CHAPTER 4: Pressure in the Veins

ผู้เขียน: Maria_starling
last update ปรับปรุงล่าสุด: 2025-10-20 15:56:10

Elias’s POV

I didn’t go straight to my dorm.

That would’ve made it too traceable. Predictability got you killed faster than weakness in a place like this. Instead, I cut through the east mezzanine, passing a glass overlook where lower ranks ran obstacle drills two floors down.

None of them looked up. Good. Attention was a weakness.

My boots made no sound as I moved into the elite housing wing private quarters for the top fifteen, isolated from the general dormitories. Fewer eyes. Fewer questions. But the scrutiny here was sharper, quieter, better dressed.

The hallway lights shifted with motion sensors, casting long shadows across the polished concrete. A maid-bot rolled past with a basket of pressed uniforms. Two third-rank trainees exited a room ahead, speaking in low tones. Their conversation halted the moment they saw me.
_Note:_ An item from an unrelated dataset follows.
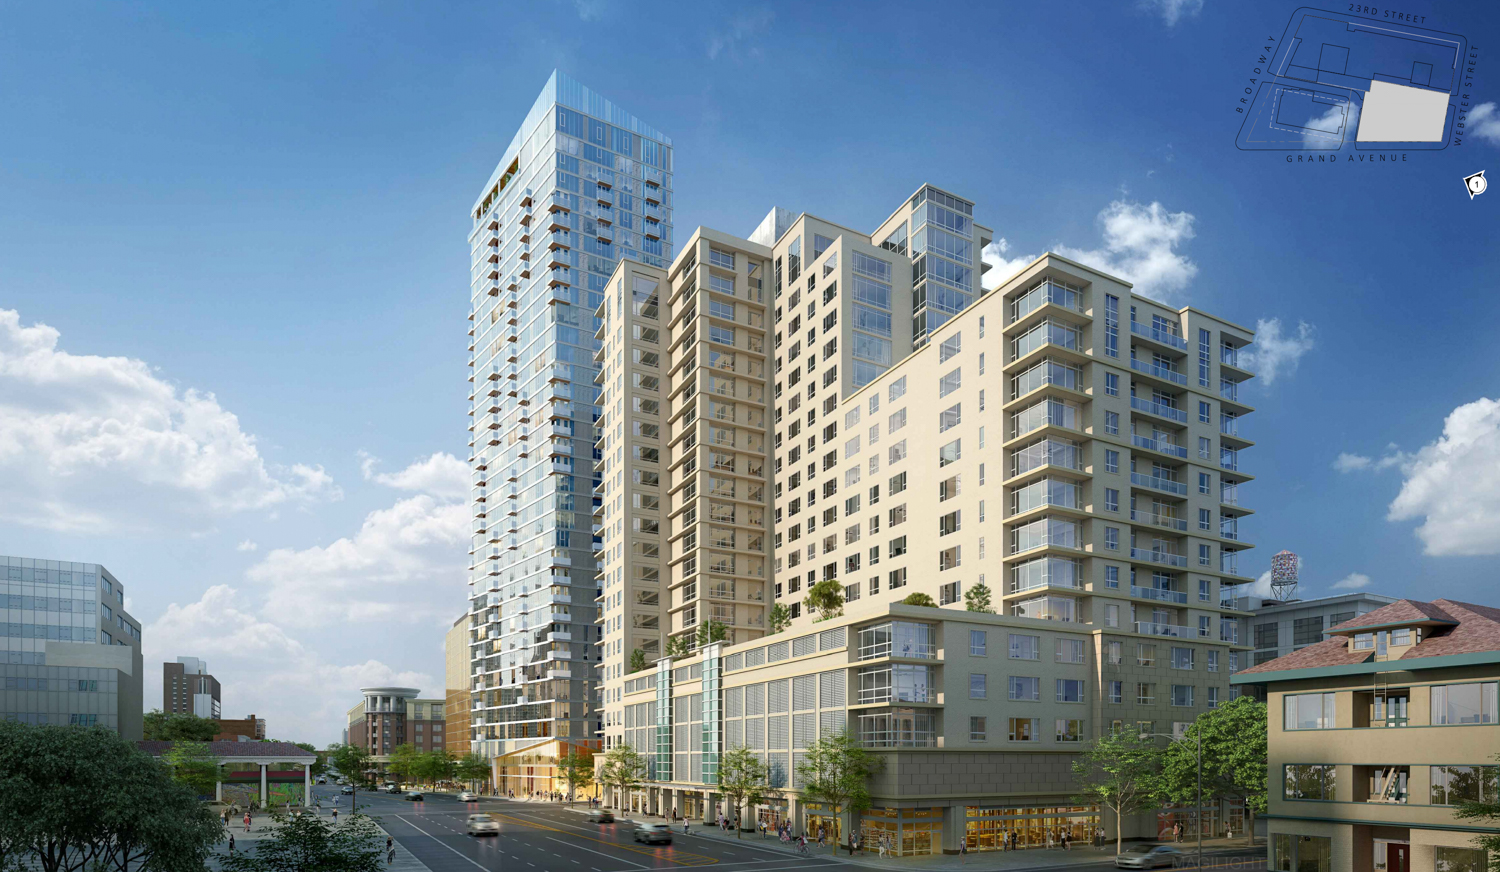 88 Grand Avenue viewed beside neighboring 100 Grand Avenue building, rendering by KTGY Architecture and Planning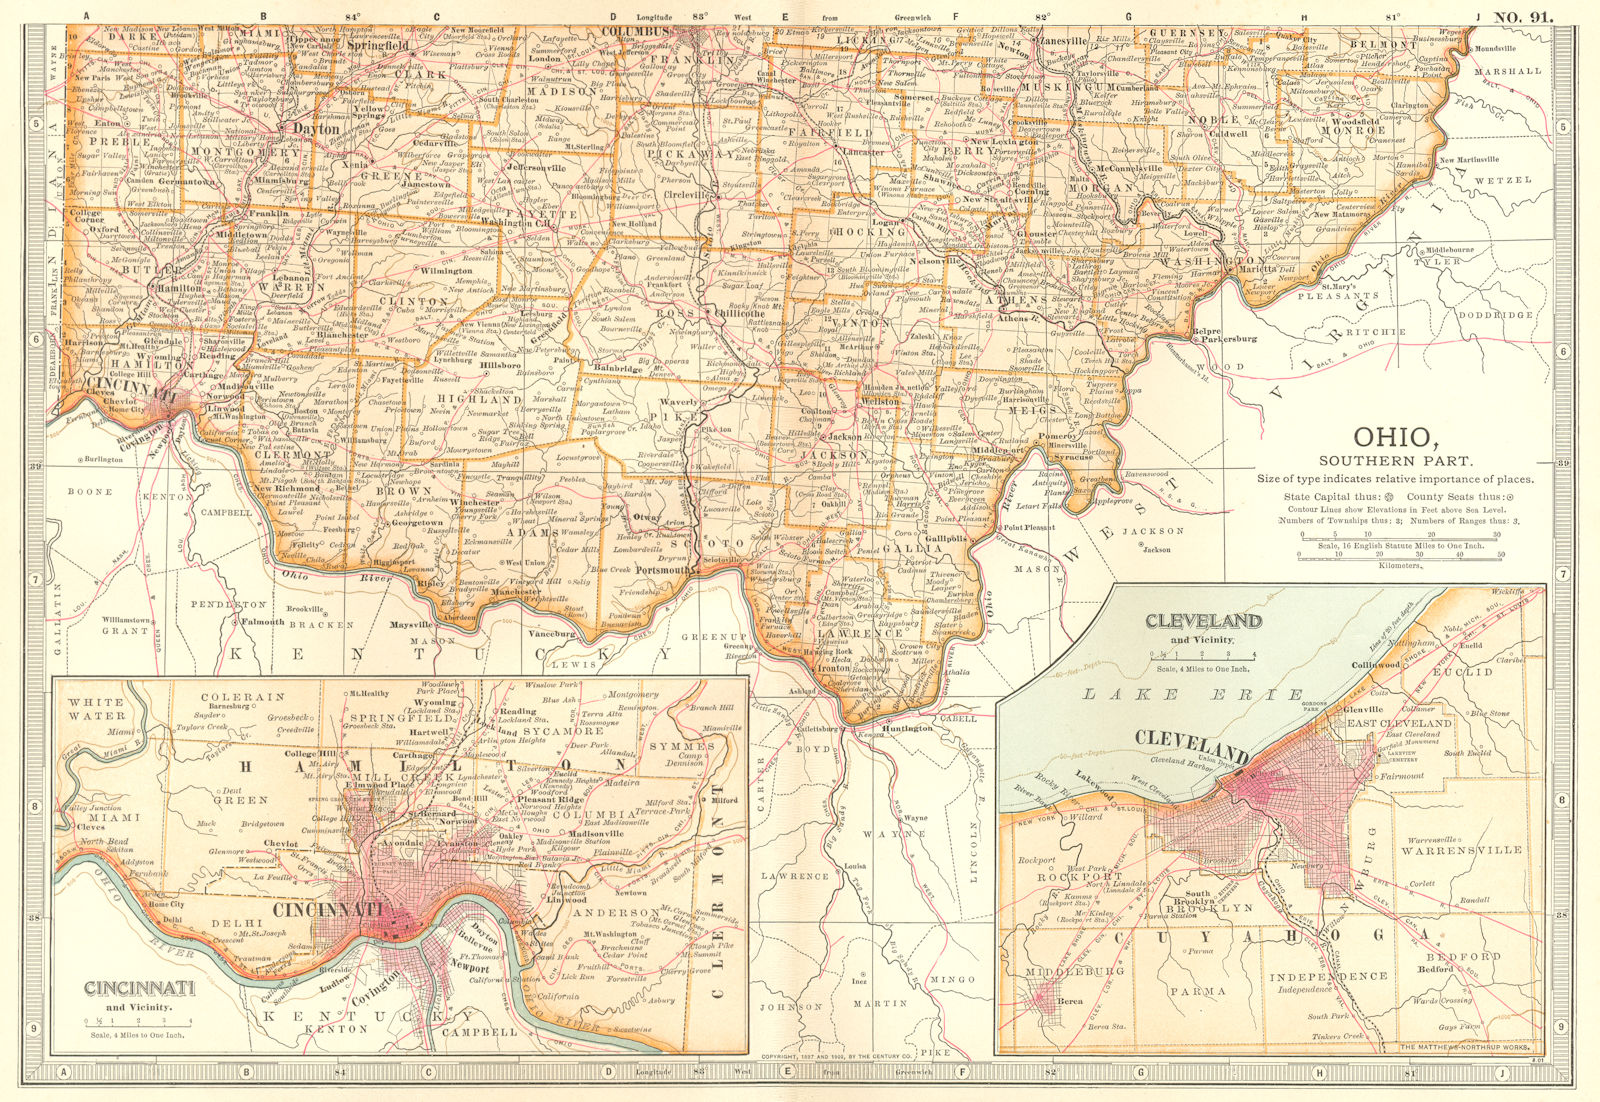 OHIO SOUTH. State map showing counties. Inset Cincinnati & Cleveland 1903

Not out of respect. Out of wariness.

My door unlocked at my wrist scan. I stepped inside and sealed it behind me.

Silence.

No roommate, no cameras in the private suites, but surveillance was never really gone. The academy tracked movement through doors, pulse readings through SmartWeave uniforms, time stamps for showers, meals, training blocks. Anything could trigger a red flag with the wrong number in the wrong column.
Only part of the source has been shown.